Hurricane Harvey produced large damages throughout the United States and Texas. The natural phenomenon is a category 4 hurricane. The tropical cyclone was powerful enough to cause the first landfall in the U.S. since 2005. On top of that, it also pierced the core of America’s energy industry. As a consequence, oil prices plummeted while the European Central Bank President refused to deliver a clear situation on the euro. Therefore, the currency hit a 2 ½-year high.
The U.S. Registered High Oil Prices after Harvey Despite National Oil Excess
The flooding that Tropical Storm Harvey induced affected the Texas coast heavily. However, this area is crucial for the United States as well. It contains 10% of U.S. crude oil refineries. As a consequence, gasoline futures hit 6.8% at some point only to come down to 5.9% in a yet concerning case for motor fuel. Oil gained almost $48 a barrel.
Hurricane Katrina triggered similar aftermath after it hit Louisiana hard in August 2005. The natural calamity kneeled the U.S. economic growth stealing more than half of its value in the quarter following the hurricane. As the next year in 2006 saw reconstruction efforts and gasoline prices struggling for reaching normal value, the national financial situation started recovery.
The Harvey damages affected almost a quarter of Gulf of Mexico’s oil production. The amount was already at massive numbers as U.S. was heading for low oil prices and oil excess. However, after the hurricane hit the coast, several U.S. traders weighed in to turn to North Asia for imports of products.

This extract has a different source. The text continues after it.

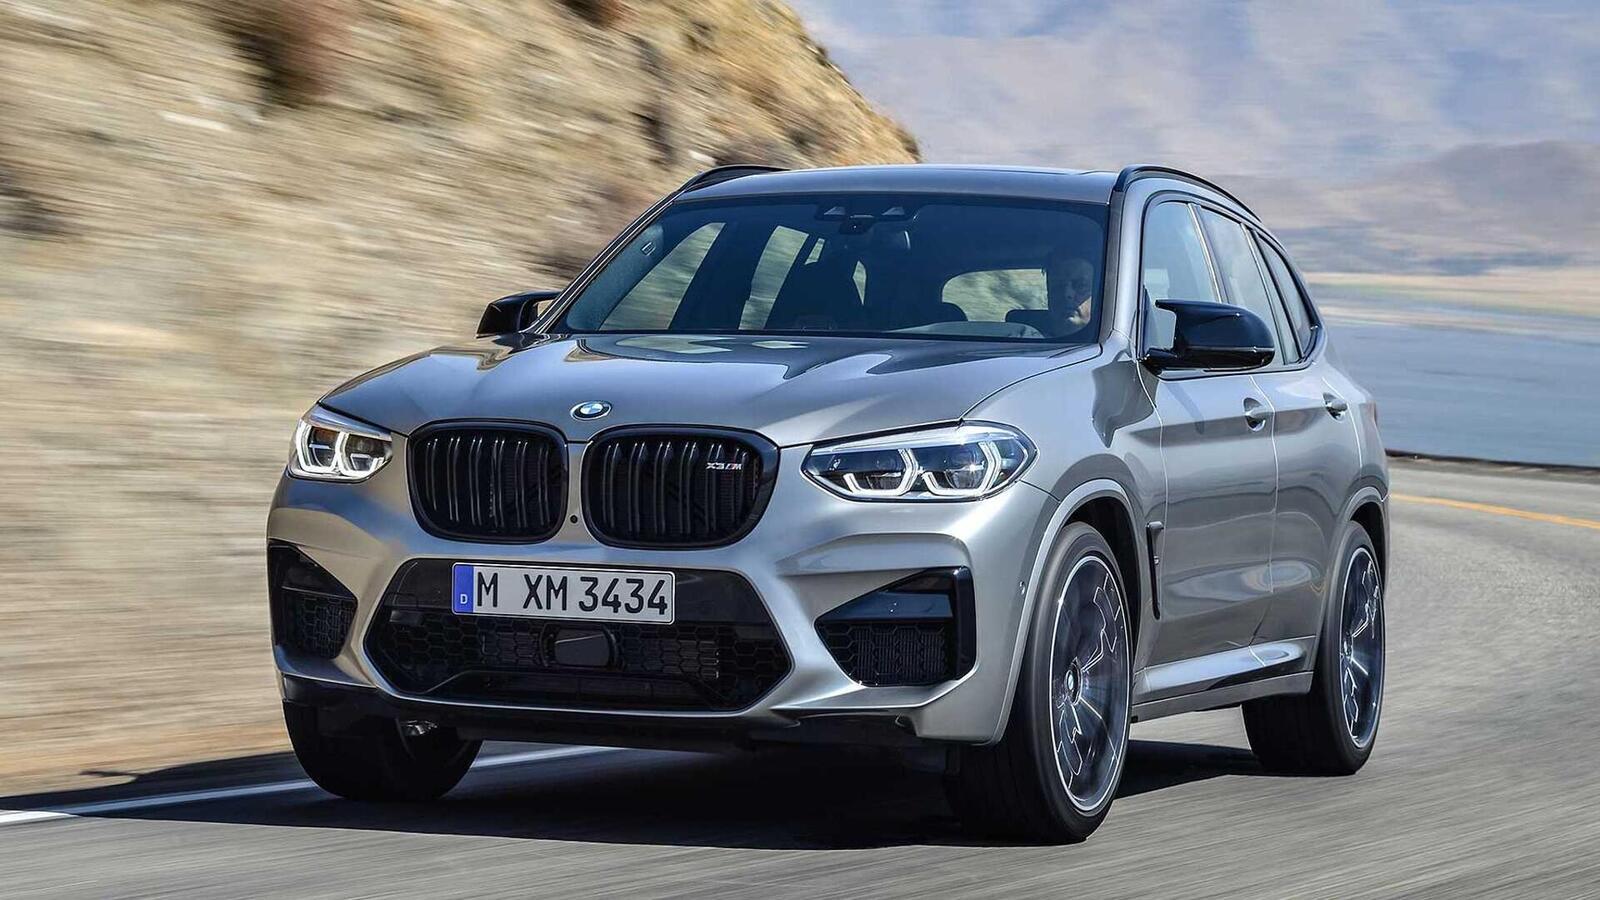 BMW X3 M và X4 M 2020 chính thức ra mắt: Mang trong mình sức mạnh từ 473 - 503 mã lực - Hình 2

The ECB President Mario Draghi Failed to Talk Euro Down
The rain is unlikely to stop before Wednesday. Therefore, the disruptive situation might continue to last until the rain cessation. On Monday, markets were attempting to recalibrate the impact the oil production received from Harvey. As a consequence, prices showed mixed numbers.
At the same time, the euro surged to a 2 1/2 –year high. This event was the result of the speech of the ECB President Mario Draghi where the reassurance regarding the strength of the currency was missing. Therefore, the euro jumped to $1.19665 on Monday and received a small deflation to $1.1924.